La principal ventaja es una adaptabilidad y una velocidad de respuesta brutales. Las decisiones se toman donde reside la información, eliminando el cuello de botella del mando central. Este modelo fomenta una cultura de iniciativa y responsabilidad en todos los niveles, lo que dispara el compromiso del equipo. La organización se vuelve resiliente; si un equipo falla o es eliminado, la red se reconfigura y sigue operando. Es una filosofía que ha saltado del campo de batalla a empresas que operan en mercados volátiles.

Limitaciones y críticas habituales

El modelo de Equipo de equipos no es gratis. Requiere una inversión masiva y constante en comunicación para mantener esa conciencia compartida. La transparencia radical asusta a muchas culturas corporativas, acostumbradas a que la información es poder. Además, delegar la ejecución implica aceptar un cierto nivel de riesgo. Un equipo autónomo puede cometer un error grave. El líder renuncia al control directo, y eso es un salto de fe que no todos los directivos están dispuestos a dar. Aplicar este modelo a un proceso predecible y repetitivo sería un caos ineficiente.

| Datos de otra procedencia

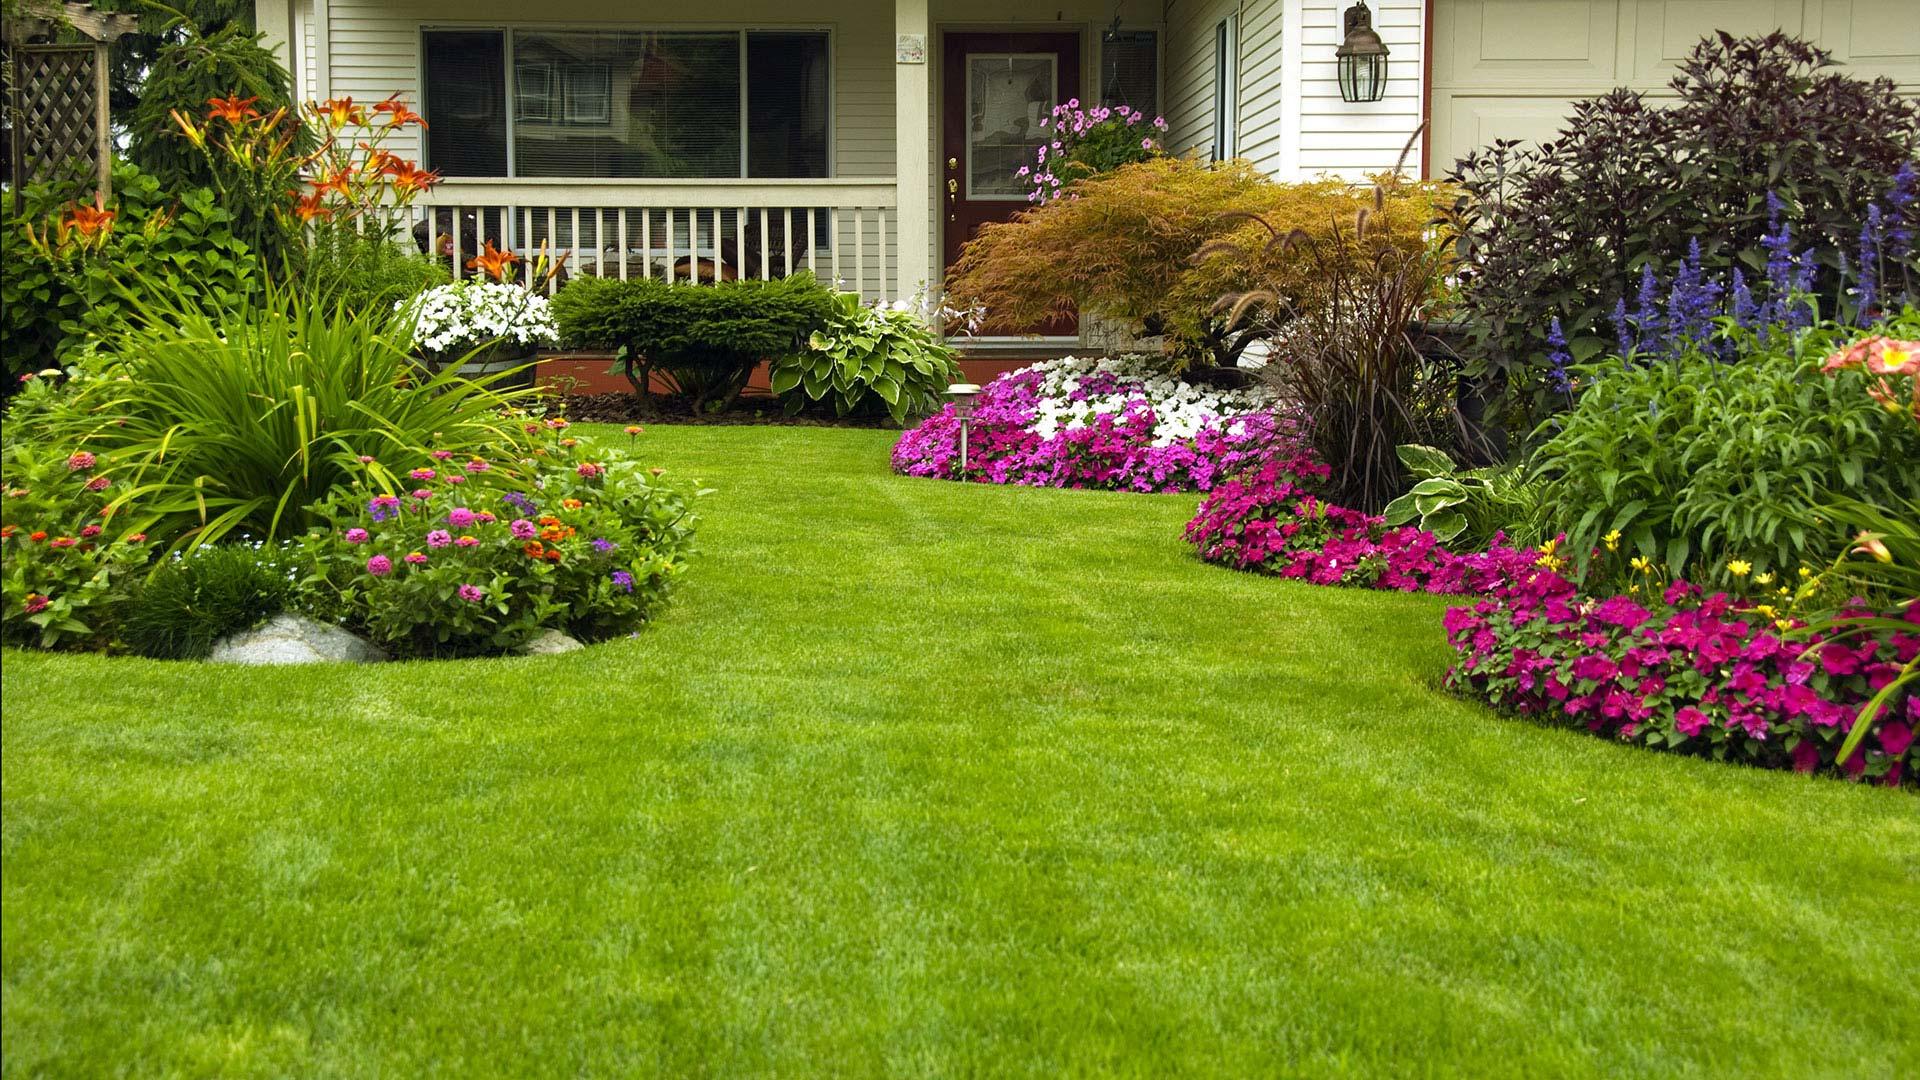 Kingsbury Landscape & Design LLC Landscaping Company, Lawn Service and Landscape Design slide 2

¿Jobs o McChrystal? Cuál leer primero según tu situación

La elección entre estos dos modelos no es una cuestión de preferencia personal. Es una decisión estratégica que depende de tu contexto, tu equipo y tu mercado.

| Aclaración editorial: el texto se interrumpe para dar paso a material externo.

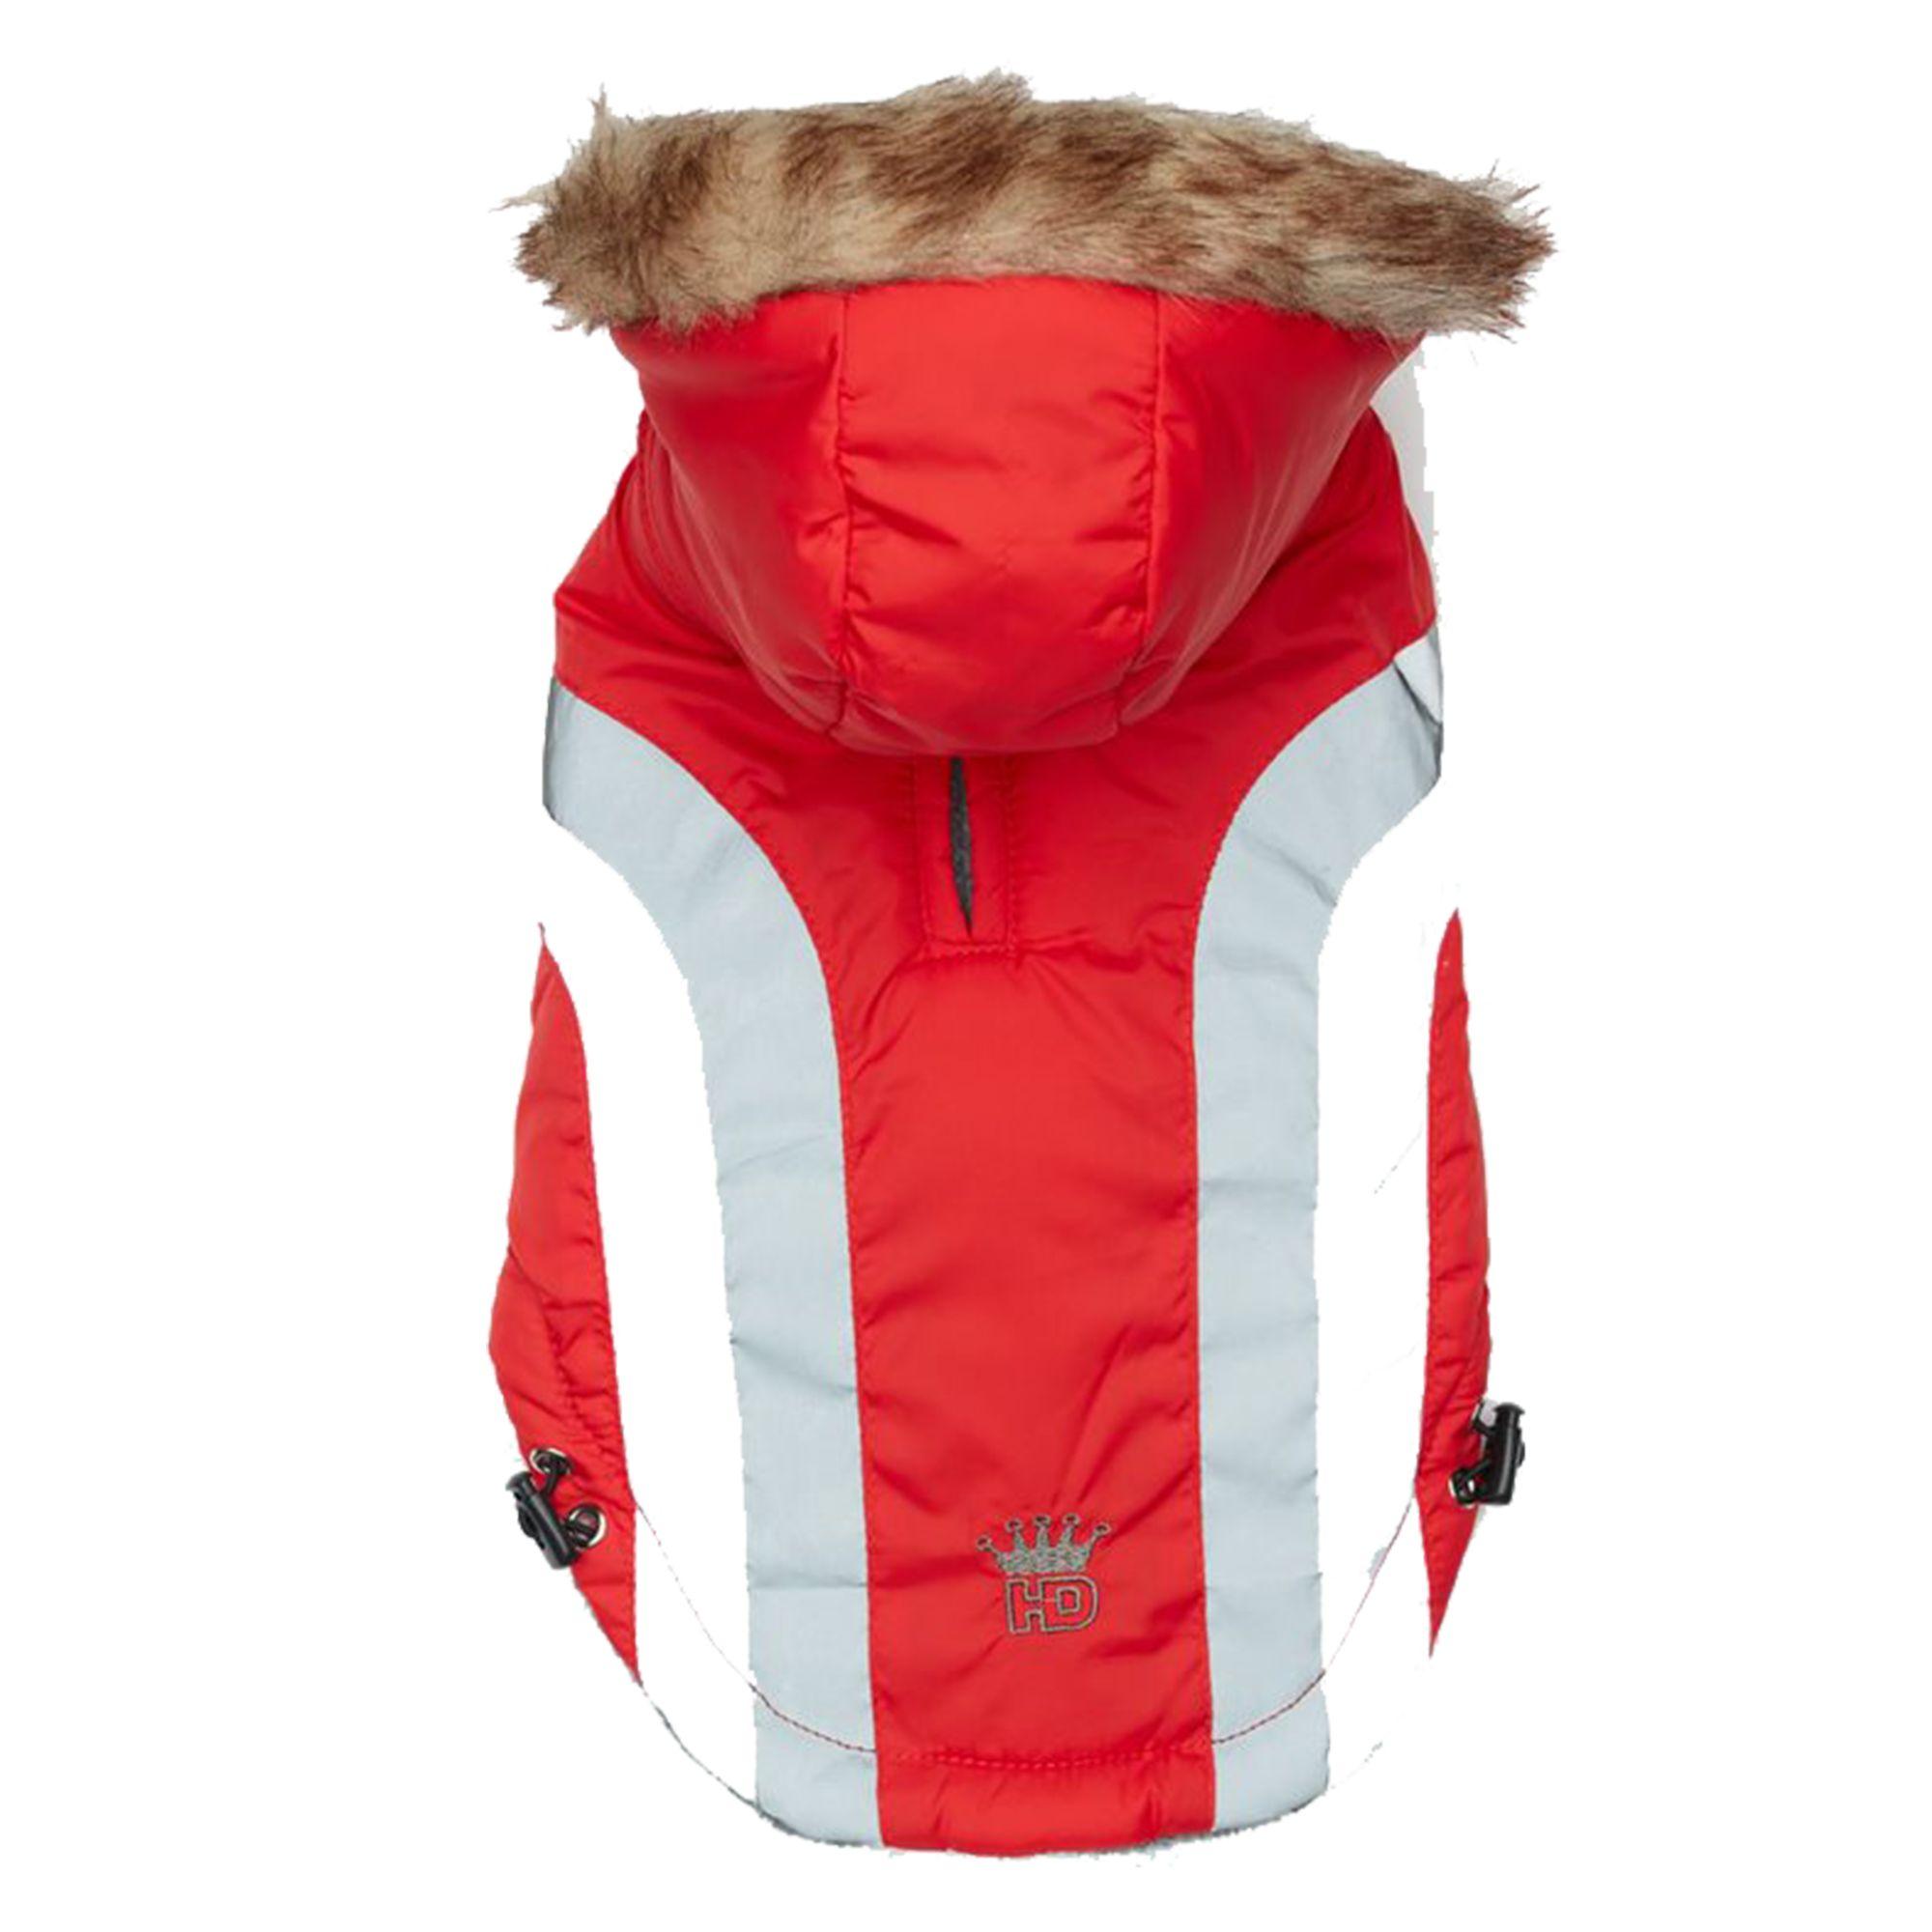 Hip Doggie Swiss Alpine Ski Vest size: Small, Red 5206277

Lee «El camino de Steve Jobs» si…

Tu principal campo de batalla es la excelencia del producto. Si estás en una startup o lideras una unidad de negocio donde una visión de usuario única y una ejecución impecable son tu única ventaja, necesitas los principios de El camino de Steve Jobs. Léelo si sientes que tu organización se ha vuelto lenta, complaciente y ha perdido el foco en lo que de verdad importa al cliente. Te dará argumentos para recentralizar el poder en la visión del producto y para elevar el listón de la exigencia.

Pero ten cuidado. El objetivo no es convertirte en un clon de Steve Jobs. Es absorber sus principios de simplicidad, foco y calidad. Para no destruir a tu equipo en el proceso, equilibra su lectura con libros sobre resiliencia mental como Grit: el poder de la pasión y la perseverancia o El obstáculo es el camino.

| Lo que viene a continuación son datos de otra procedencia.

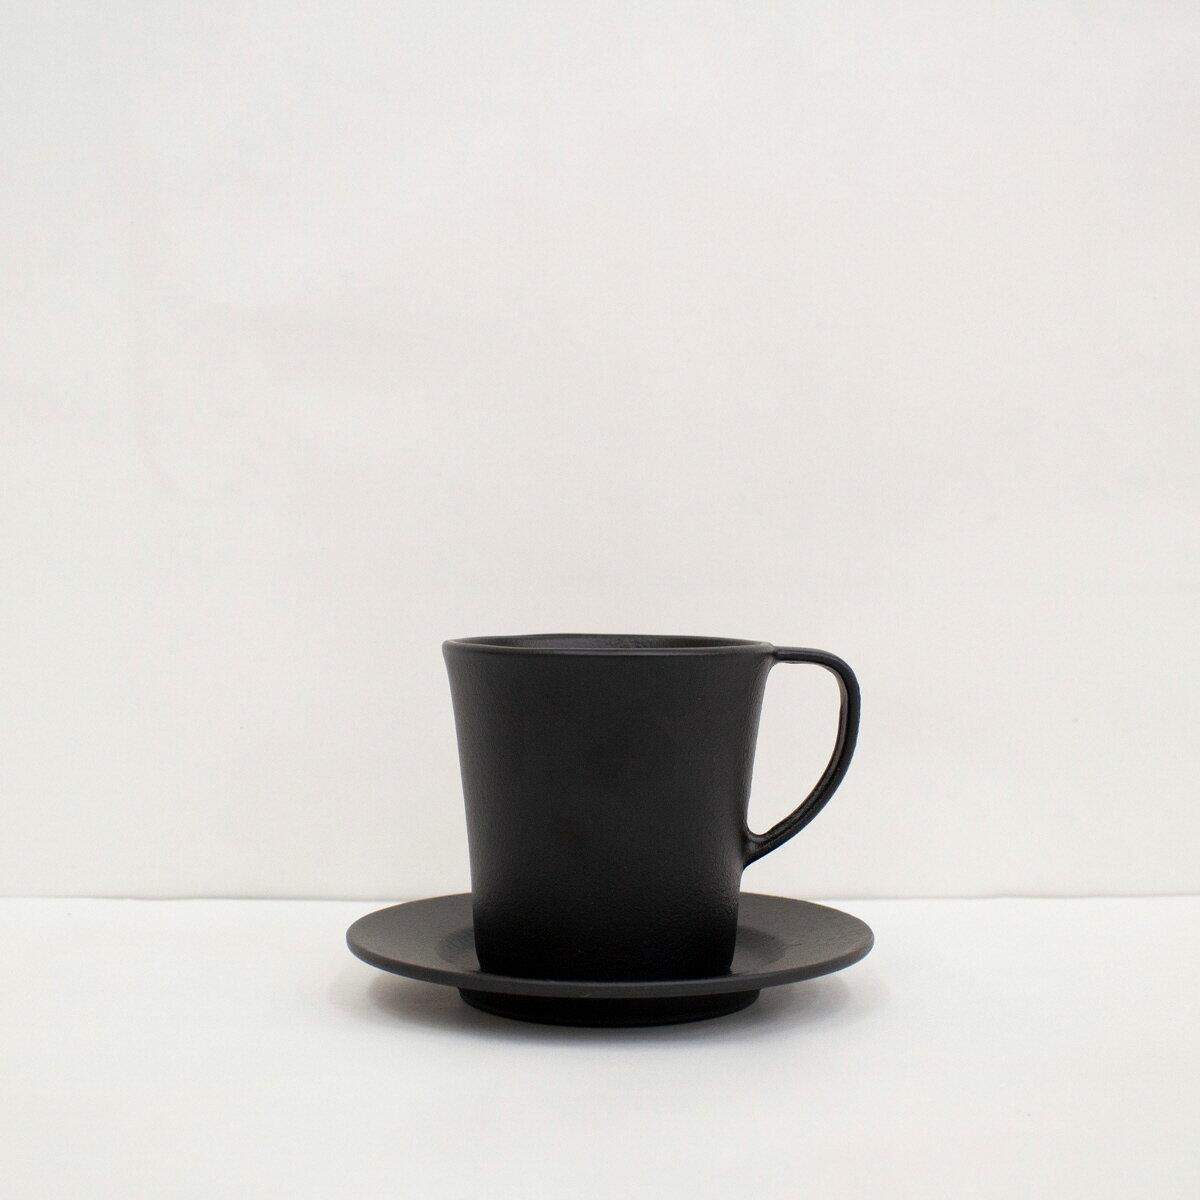 【ふるさと納税】 桑原鋳工 鋳物製コーヒーカップ

Lee «Equipo de equipos» si…

Tu principal desafío es la adaptabilidad. Si diriges una organización grande que se siente burocrática y desconectada de la realidad del mercado, o si tu entorno es tan volátil que el plan de ayer ya no sirve hoy, entonces tu libro es Equipo de equipos. Es la guía para pasar de ser quien da todas las respuestas a ser quien construye un sistema para que las respuestas emerjan del propio equipo. Te enseñará a romper silos, a fomentar la confianza y a liderar a través del contexto en lugar del control.

Pero ten cuidado. La confianza y la transparencia no se pueden imponer. Exigen que el líder sea el primero en ser vulnerable y transparente. No puedes pedir a tu equipo que tome la iniciativa si al primer error les caes encima. Empezar este camino es un compromiso a largo plazo.

Al final, el liderazgo no es un disfraz. No se trata de actuar como un genio visionario o como un general empoderador. Se trata de hacer un diagnóstico honesto de tu realidad. La pregunta clave no es "¿qué tipo de líder quiero ser?", sino "¿qué sistema operativo necesita mi equipo, ahora mismo, para ganar?". La respuesta determinará si tu futuro se parece más al de Apple o al de sus competidores olvidados.